Collected data:
*** Block opens ***
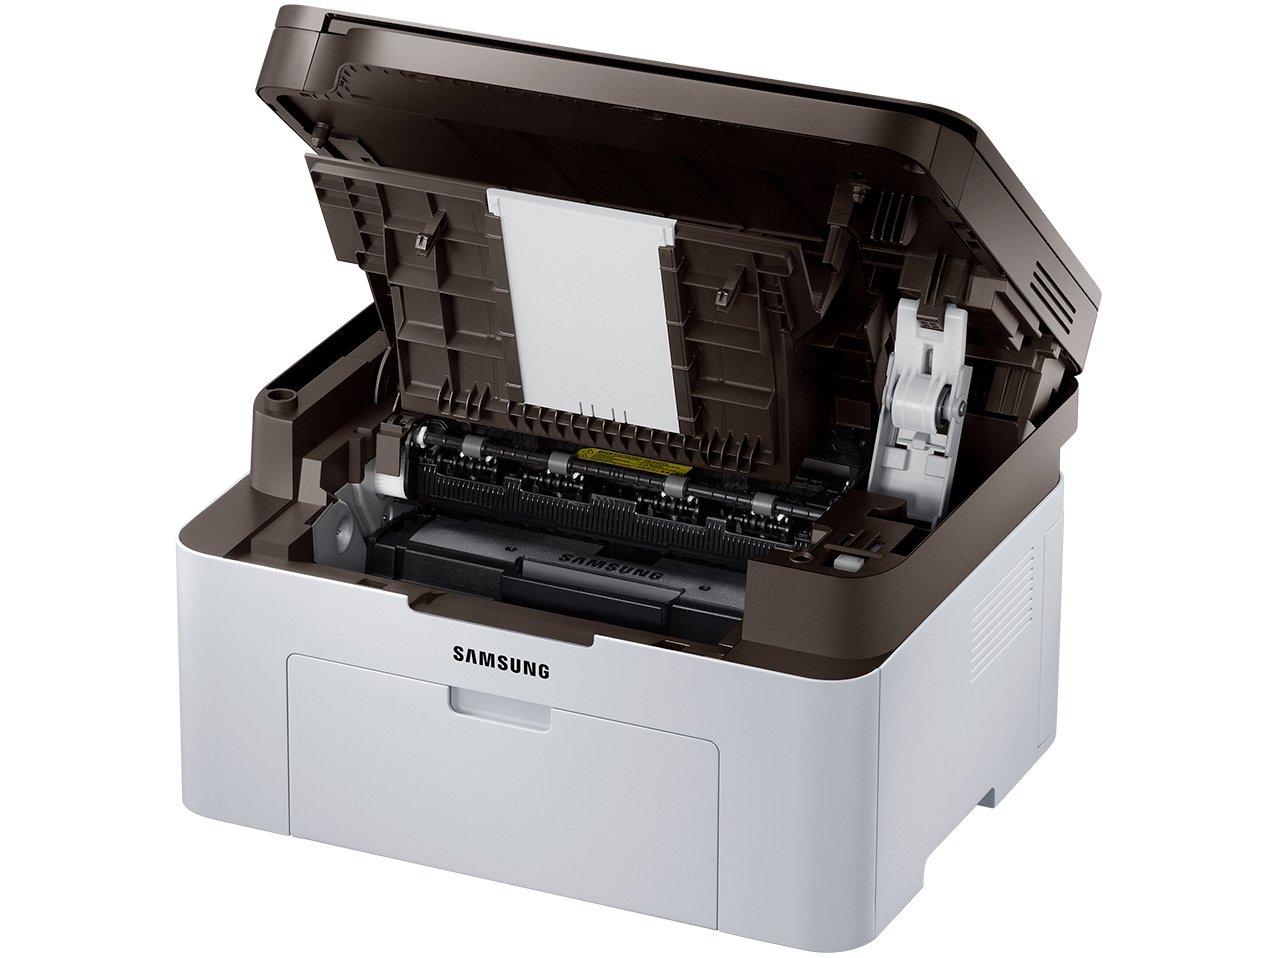 Foto 8 - Multifuncional Samsung Xpress M2070 - Monocromática Laser USB 2.0
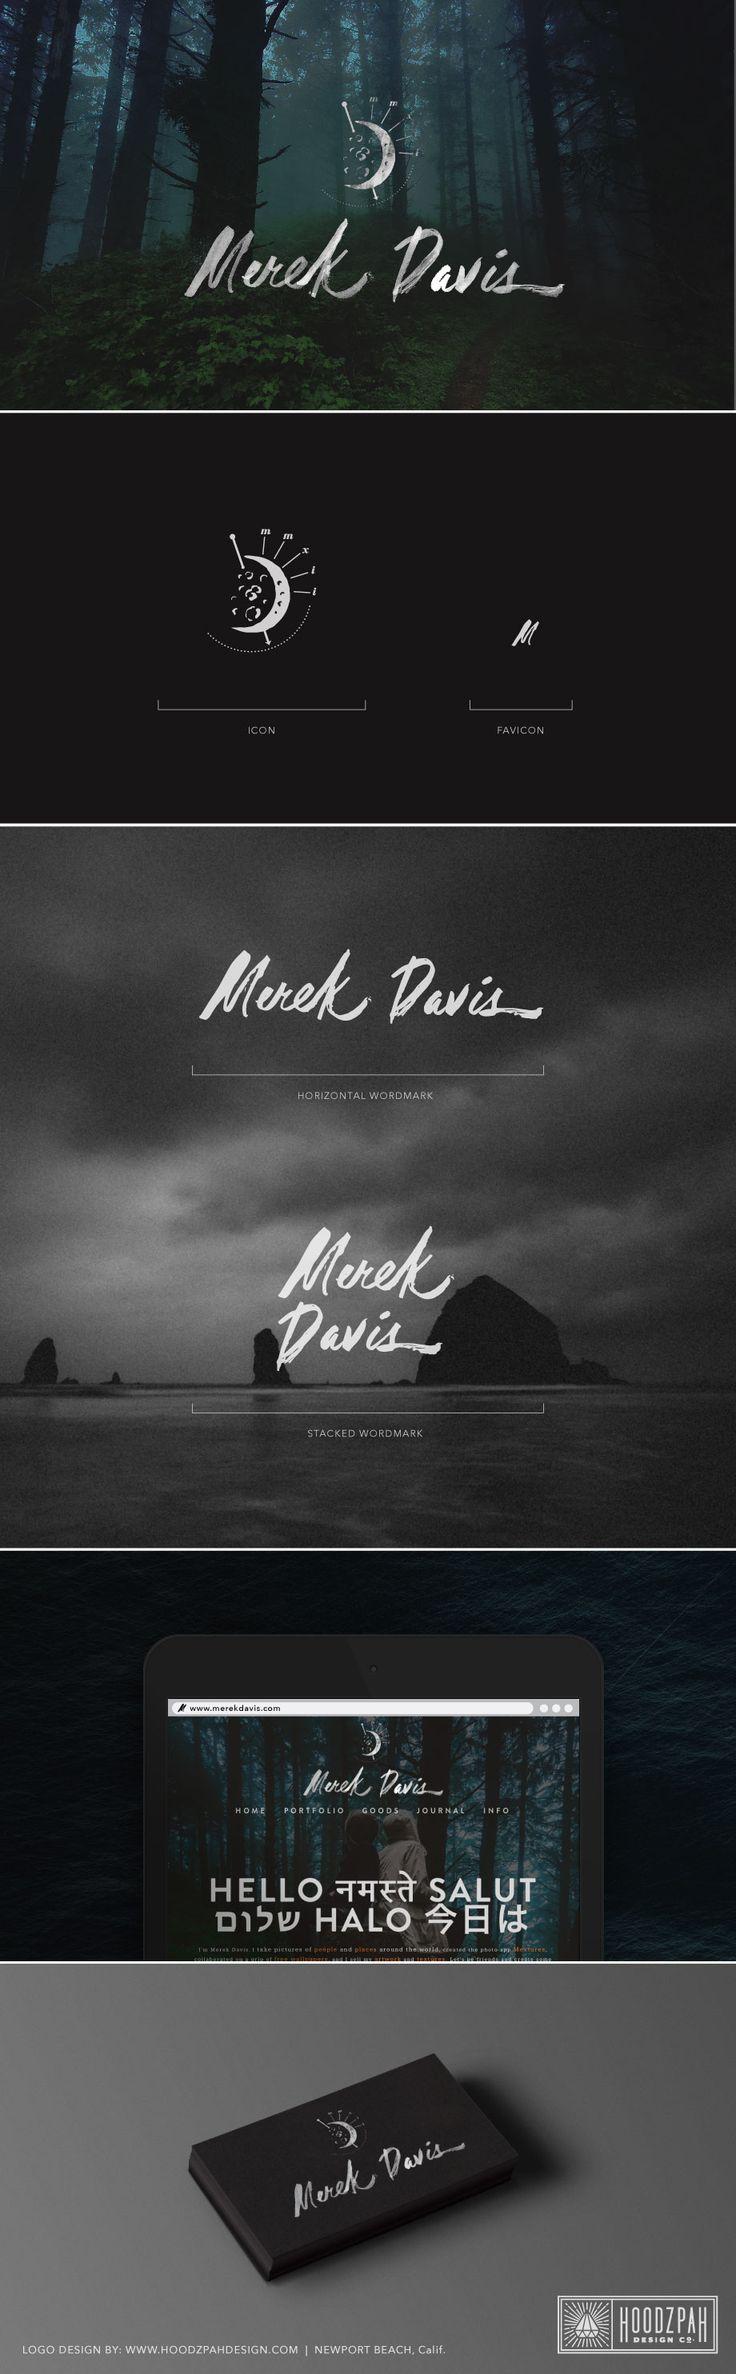 Merek Davis logo design by Amy Hood of Hoodzpah Design Co
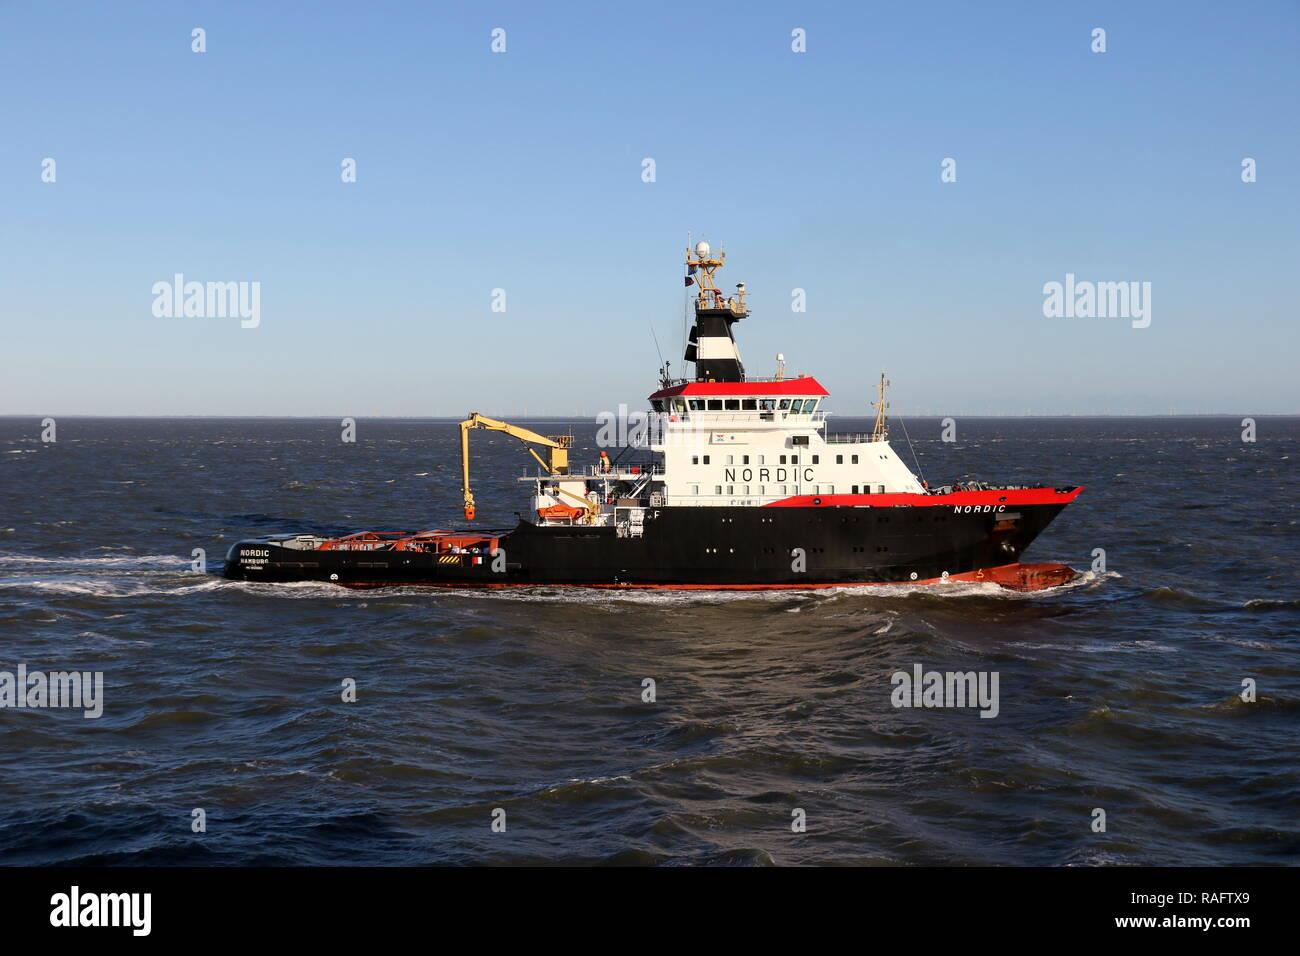 Emergency Tow Vessel Stock Photos & Emergency Tow Vessel
*** Block closes ***
Task instructions:
Exactly and only the lines from the one holding "Merek Davis logo" through the final line of the material must be returned, both ends included, without any pictures.

Task solution:
 Merek Davis logo design by Amy Hood of Hoodzpah Design Co
 Emergency Tow Vessel Stock Photos & Emergency Tow Vessel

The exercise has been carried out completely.